Originally posted by lostrom lostrom wrote:

It's rather silly that some try to make it that punk didn't dislike prog.

 
It is silly. These people have no clue and haven’t been there. Punks hated prog and especially arena rock acts like Foreigner, Boston Styx etc. Maybe not ALL of them but the general consensus did. I have read countless interviews where punk artists would scorn others if they showed any kind of skill on your instrument. They were ostracized and called a fascist or a poseur. Remember that? Everyone that wasn’t punk was a fascist! Down with elitism! Very militant. They felt that rock n roll was becoming bourgeois or upper class because of the skill that was displayed. Especially the extravagant stage shows where they felt the artists were becoming too big for the audiences. I have read an interview with Adam Clayton from U2 and he said that during his punk days they hated when guitarists were perceived as these super heroes that had to be saluted. 
Punk was a rebellion just like prog was a rebellion against sixties music. Don’t believe me? Bill Bruford had “Keith Moon Sucks" written on his sneakers. Prog rockers wanted to smash the formulaic pop music that came before them–and they did. Punk wanted to simplify rock and bring it back to the kids.


I was in the middle of the punk scene in Chicago, 1979 onwards, and saw this first hand.  There were even exchanges....I remember a fine jazz-rock band, "Apprentice," who channeled Brand X, yell "Punk SUCKS!!" during a concert. 

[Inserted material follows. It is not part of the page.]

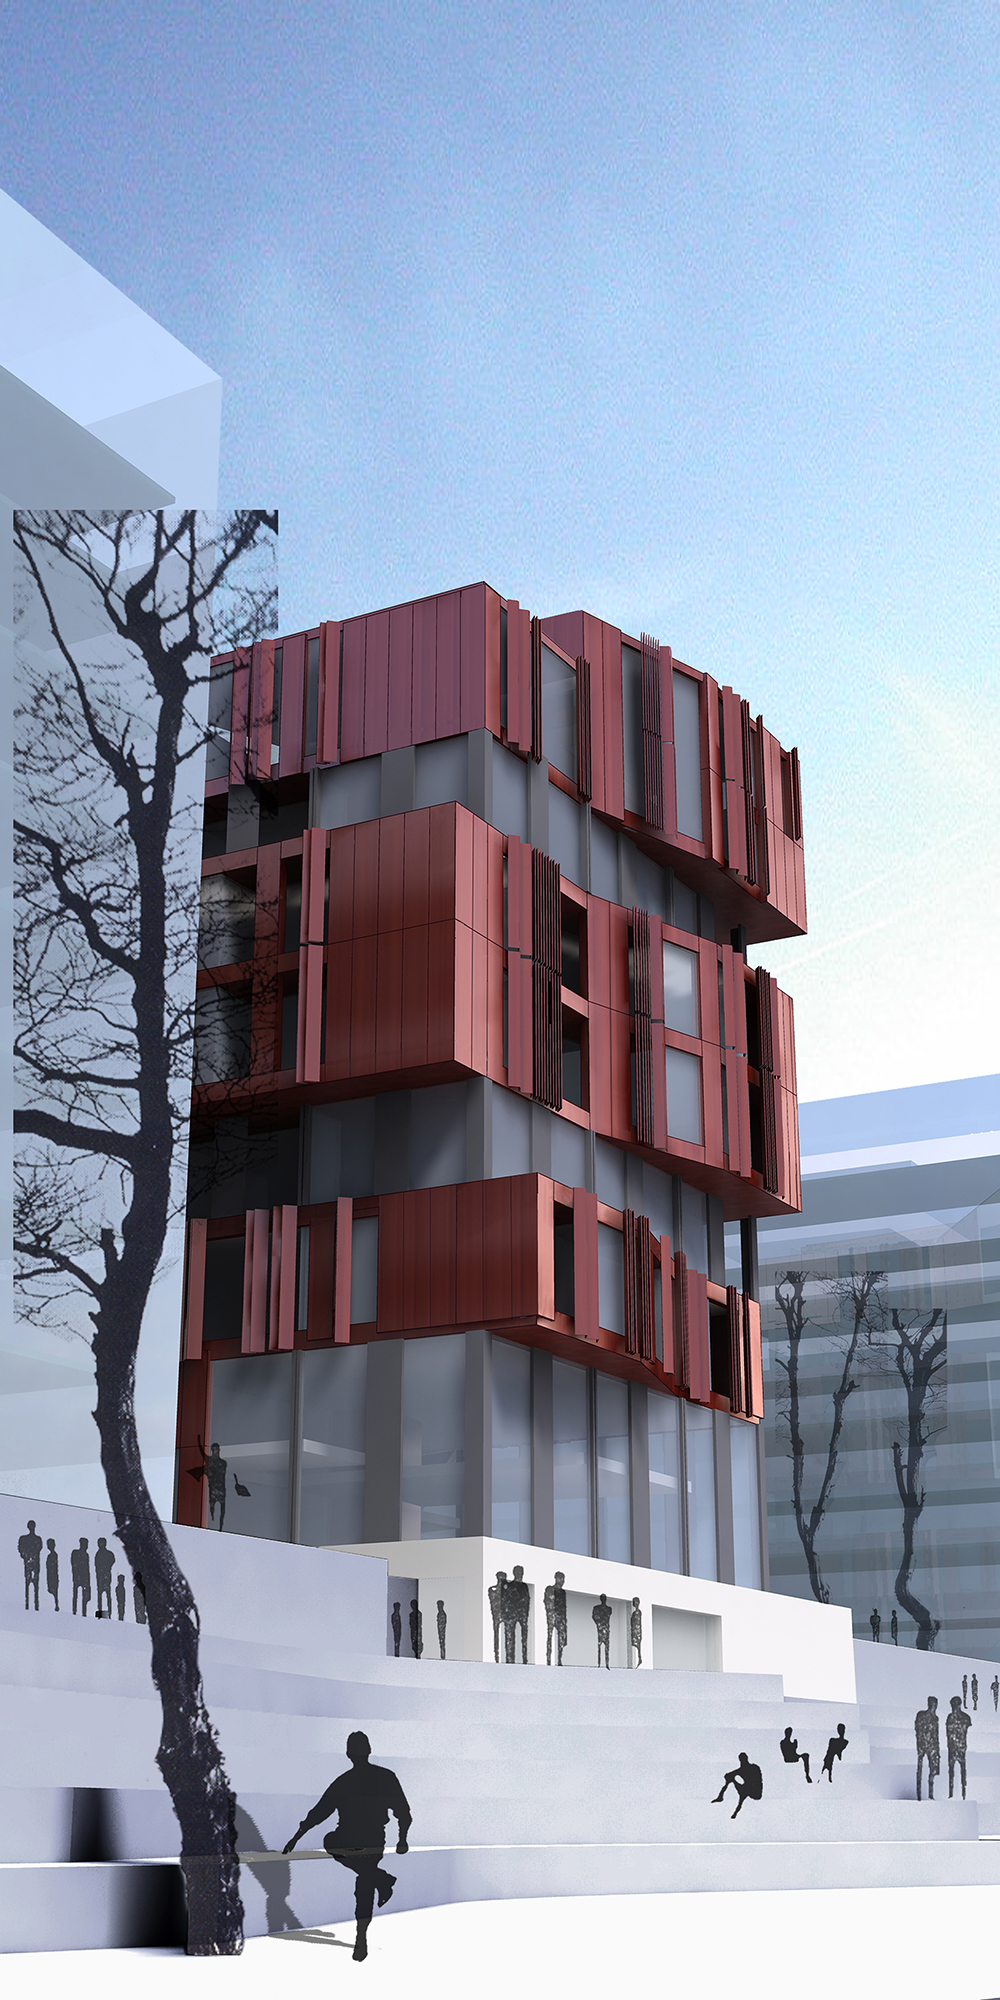 Sml architekten hafencity baufeld 21 hamburg homebase2 - Architektur hamburg ...
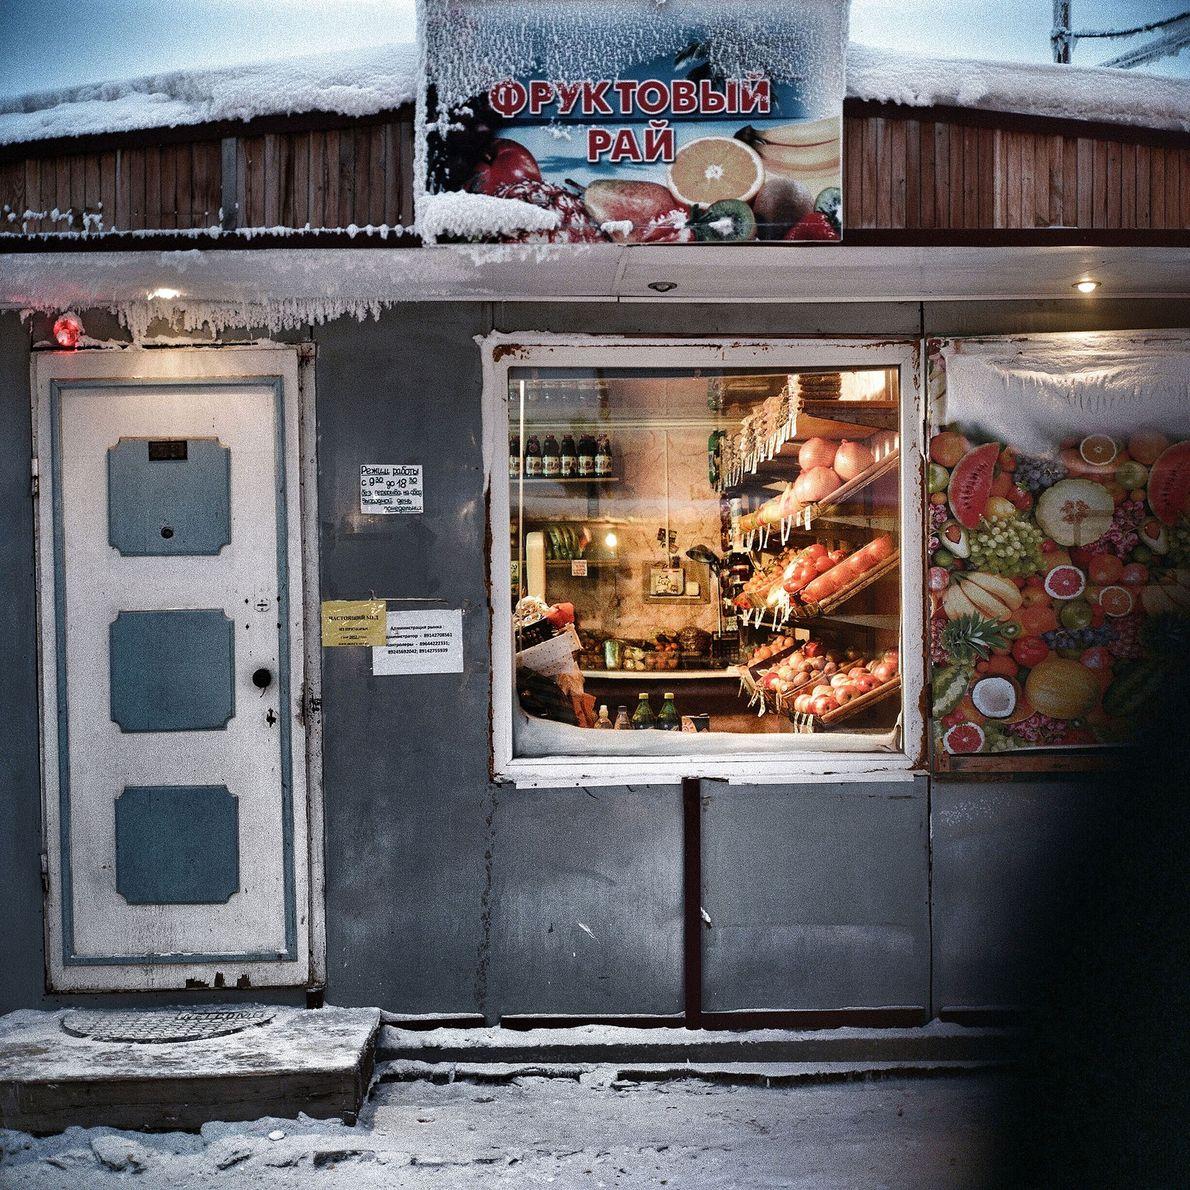 Lebensmittelgeschäfte bringen ein bisschen Farbe in diese schwarz-weiße Stadt.

A friend of mine who, like me, got into both art forms just looked at each other and went "Huh??". 

There were some interesting attempts at fusion between prog and punk in Chicago....I was invited to try out for this band as bassist, and the very first song I threw out to the guitarist was "Larks Tongues In Aspic Part 2!"  He rose to the bait and we had a great jam session.  The Marquis were more of a hard-edged new wave fusion thing, with a punk attitude.  

You had to live through it!!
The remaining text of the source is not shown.